SUPPRESS THE WHITE VOTE? -- The New York Times' Tom Edsall lays out an interesting proposition to explain the anti-Bain Capital advertising by Obama and his supportive super PAC, "One track of his re-election drive seeks to boost turnout among core liberal groups; the other aims to suppress turnout and minimize his margin of defeat in the most hostile segment of the electorate, whites without college degrees. ...Obama’s television ads, at $65.6 million the biggest cost of his re-election bid so far, are overwhelmingly aimed at discrediting Mitt Romney. The negative ads run by the Obama campaign and its allied “super PAC,” Priorities USA — ads demonizing Romney — target not only whites without college degrees, but in particular white men without degrees, a constituency Obama has no hope of winning. The two anti-Romney commercials that appear to have resonated most powerfully, according to measures of YouTube views, are explicitly aimed at these voters. ...A central goal of the anti-Romney commercials is to cross-pressure these whites. Persuading more than 28 percent of them to vote for Obama is a tough sell, but the Obama campaign can try to make the alternative, voting for Romney, equally unacceptable. Conflicted voters, especially those holding negative views of both candidates, are likely to skip voting altogether. In 2004, for example, in a tactic designed to decrease black turnout, the Bush campaign sent deeply religious black voters mail and email noting Democratic support for same-sex civil unions, with the goal of creating ambivalence toward Senator John F. Kerry. Over the past two years, Republican-controlled state legislatures have been conducting an aggressive vote-suppression strategy of their own through the passage of voter identification laws and laws imposing harsh restrictions on voter registration drives."

COUNTER-COUNTER INTUITIVE -- The New Republic's Alec MacGilliss responds to Matt Bai's New York Times article arguing that Citizens United didn't really have anything to do with the explosion of independent spending in elections, "Yes, there are a couple liberal billionaires who gave a ton in 2004 to save the country from George W. Bush, but are lying low this year: Soros and Peter Lewis, the Progressive Insurance chairman who has turned his focus to marijuana law reform. But there is a whole other swath of wealthy liberals who realize full well what the stakes are in this fall’s election, even if they are perhaps not as “pumped up” as they were in 2004. But they are holding back from giving as much as they could to the SuperPACs and other outside groups precisely because they are “queasy” about them.
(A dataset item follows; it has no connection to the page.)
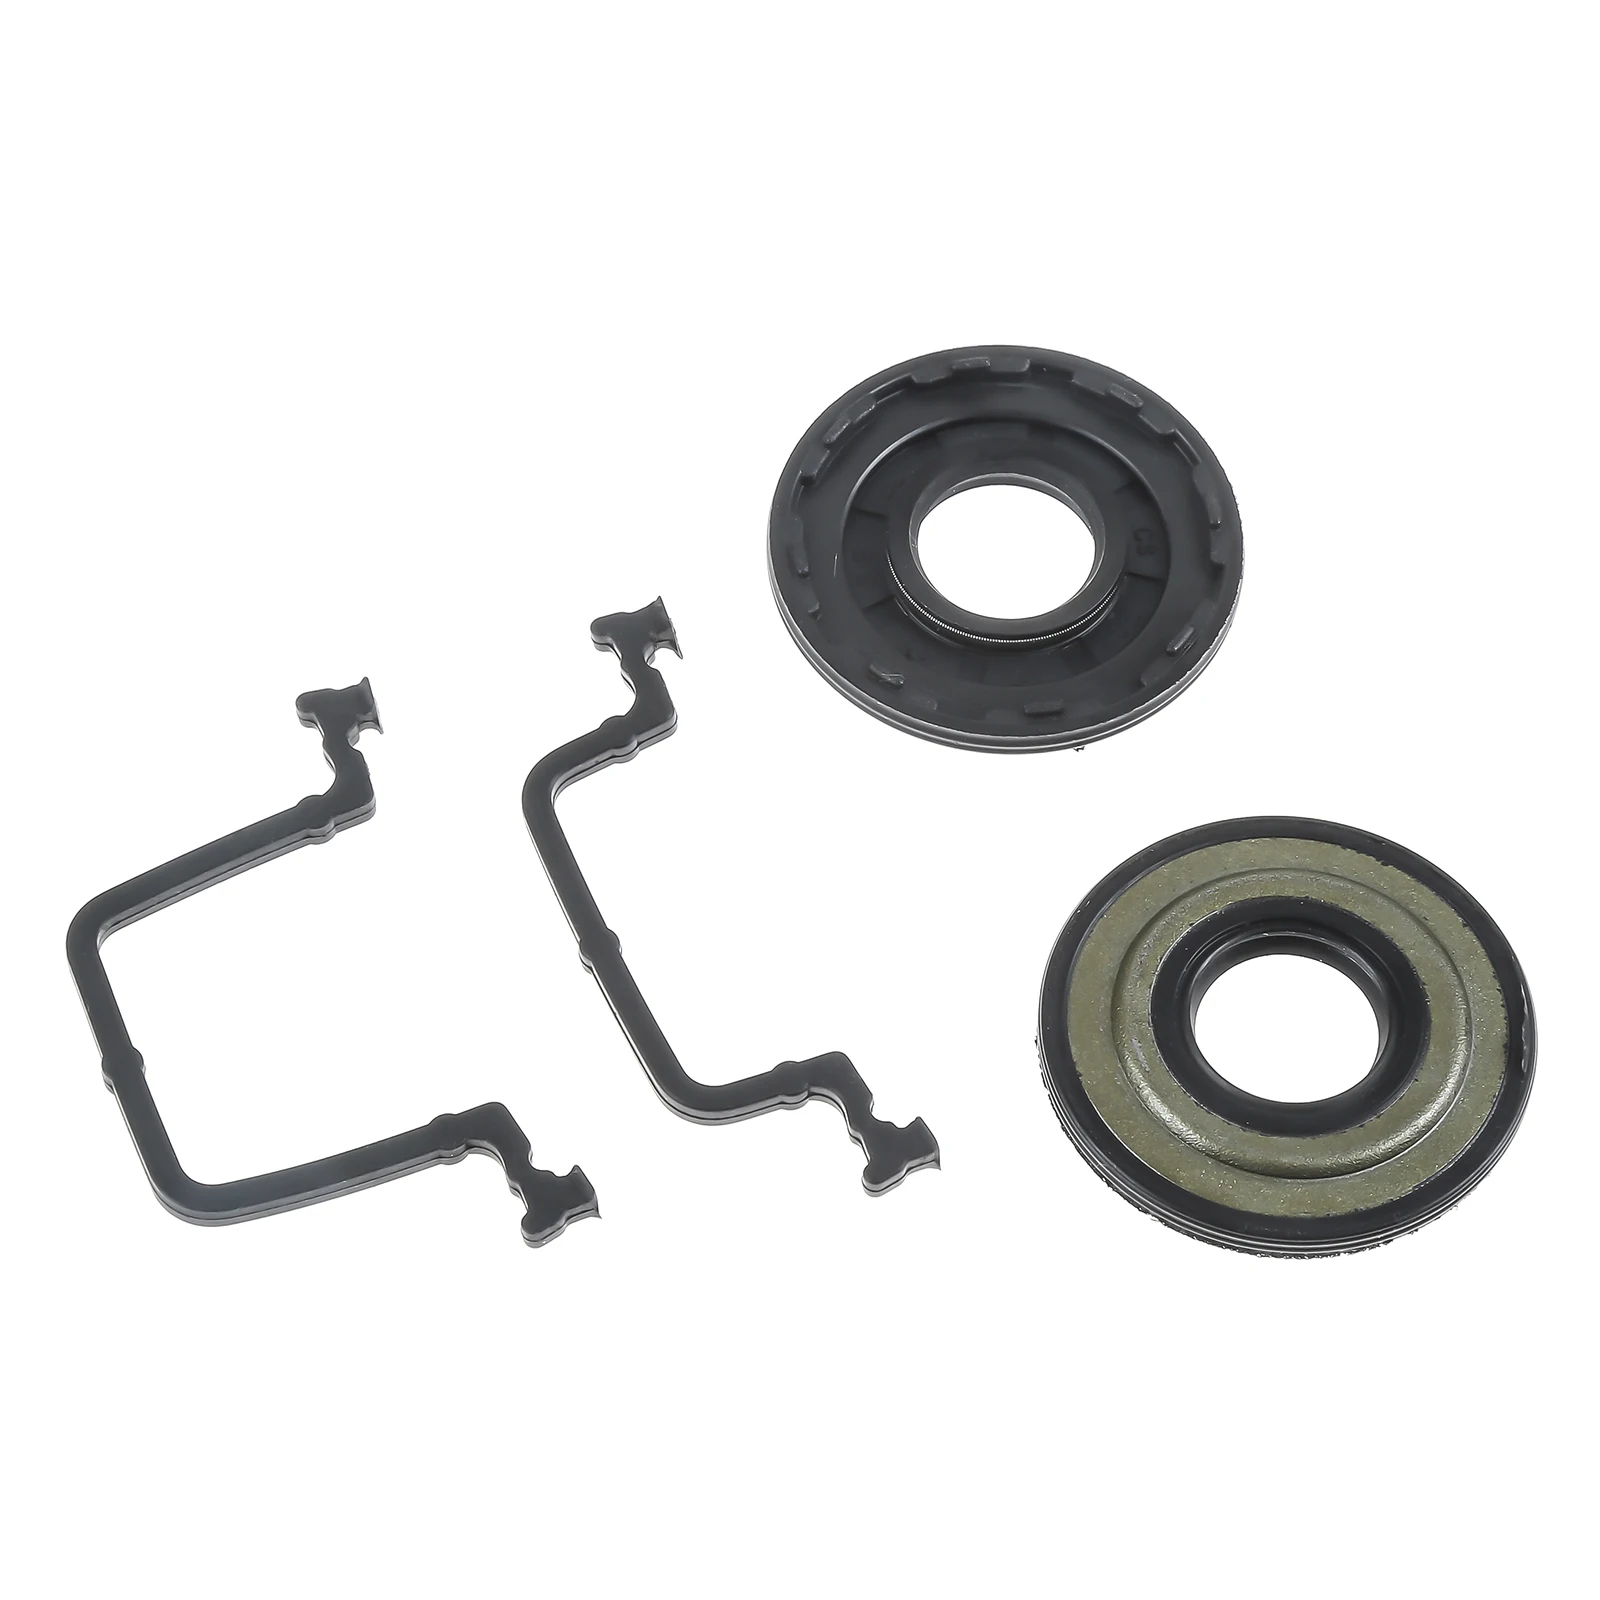 

2 Sets Oil Seal w Cylinder Gasket Kit for Husqvarna 445 450 445E 450E Chainsaw Parts Replace Part Number 544108701 544109201

That is what I found in speaking to many of these potential donors for a recent article, and it is what Robert Draper found in reporting his own recent Times Magazine piece about the pro-Obama SuperPAC. Put simply, Citizens United put liberals at such a disadvantage not only because the other side has more millionaires and billionaires and friends in high corporate places, but because the left’s millionaires and billionaires have existential qualms about unlimited campaign donations that simply do not exist on the right."

MORE LINKS TO READ

The IRS looks like they might review rules governing 501(c)(4) nonprofits, which are being used to shield political donor identities.

The Las Vegas Sun reports that state rules may force Americans for Prosperity, the Koch-linked nonprofit, to disclose its donors.

Million dollar donors account for nearly half of GOP super PAC fundraising.

The New York Times profiled Carl Forti, the political operative who will direct the hundreds of millions raised by Restore Our Future, American Crossroads and Crossroads GPS.

NEW SUPER PAC REGISTRATIONS

Don't Drink The Tea Party, Phoenix, Ariz., Treasurer: Richard Keefe.
I Am A Person, Salt Lake City, Utah, Treasurer: Taylor Mosolf.
Pep Rally, Sacramento, Calif., Treasurer: David Bauer.
Connecticut's Future PAC, Hartford, Conn., Treasurer: Joseph Taborsak.
Treasure Coast Jobs Coalition, Washington, D.C., Treasurer: James E. Tyrrell III.
Spend Smart America, Arlington, Va., Treasurer: Christopher Bobbitt.
Americans for Real Change PAC, McLean, Va., Treasurer: Jake Menges.
Dump West, Ft. Lauderdale, Fla., Treasurer: Andrew J. Perez.
420PAC.Org, Lawndale, Calif., Treasurer: James Augustine Oliveira, Jr.